Téléchargez ici le texte de Thierry Magnin, recteur de l’université catholique de Lyon
Mais l’intelligence artificielle ne signe-t-elle pas la fin de l’intuition qui a permis tant de découvertes, la fin du secret médical, voire celle des médecins ? Ces peurs vis-à-vis des conséquences possiblement néfastes des progrès de la science ont été partagées par Hans Jonas dans son essai Le Principe de responsabilité, a rappelé le père Philippe Capelle-Dumont, président de l’Académie de catholique de France, co-organisatrice de cette rencontre. D’où la nécessité de « fonder une éthique de la décision sur notre ignorance » car l’humain est souvent maîtrisé par la technique qu’il croyait maîtriser. Parmi les autres regards proposés : le financier Pierre de Lauzun a souligné les enjeux économiques qui sous-tendent ces recherches et les orientent, suite à l’incroyable réussite des GAFAM (Google, Apple, Facebook, Amazon, Microsoft) ; puis le philosophe ivoirien Augustin Dibi Kouadio a développé l’idée que l’homme, en s’augmentant lui-même, a perdu le sens de la transcendance et se croit tout puissant. Enfin, deux écrivains ont dénoncé un « art transhumaniste » au service de la perfection pour Christiane Rancé et une augmentation qui aboutit à une réduction de l’homme pour François-Régis de Guenyveau.
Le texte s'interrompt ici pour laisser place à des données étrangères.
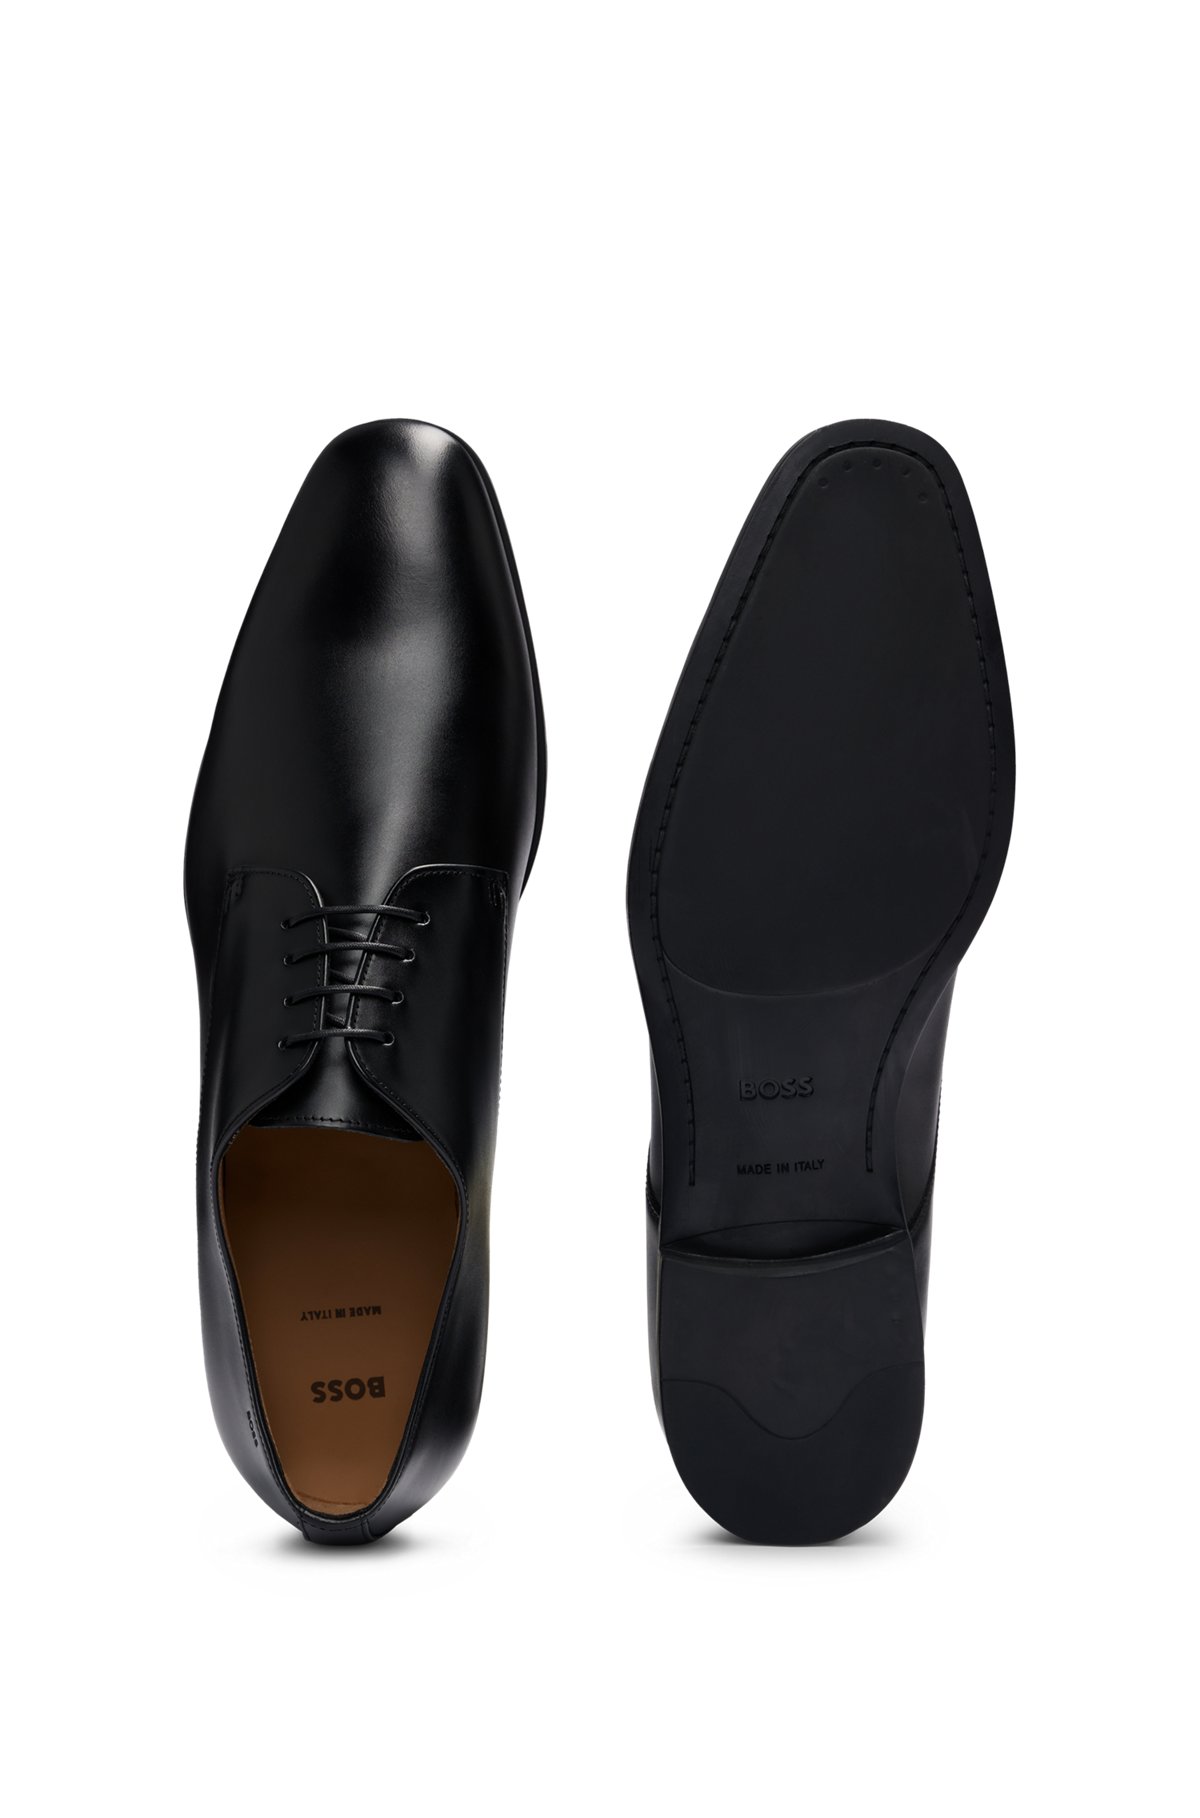 Leather Derby shoes with rubber sole, Black

Il revenait à Christine Roche, présidente du CCIC à l’origine de cette journée, de conclure ces travaux qui feront l’objet d’une publication, en annonçant qu’ils seront présentés à l’Unesco, le Centre catholique international ayant à cœur de continuer à « donner du sens à l’aventure humaine ».
Sylvie Horguelin
-Le Centre catholique international de coopération avec l’Unesco (CCIC) est une plateforme regroupant une quarantaine d’ONG qui portent un message enraciné dans l’espérance évangélique. Parmi elles : l’OMAEC (les anciens élèves de l’enseignement catholique), l’UMEC (les enseignants catholiques), la FIUC (les universités catholiques), les Frères des Écoles chrétiennes, les Frères Salésiens de Don Bosco…
Site : www.ccic-unesco.org
-L’Académie catholique de France, fondée en 2008, organise des conférences, publie des ouvrages… pour enrichir la réflexion sur les questions fondamentales de notre temps.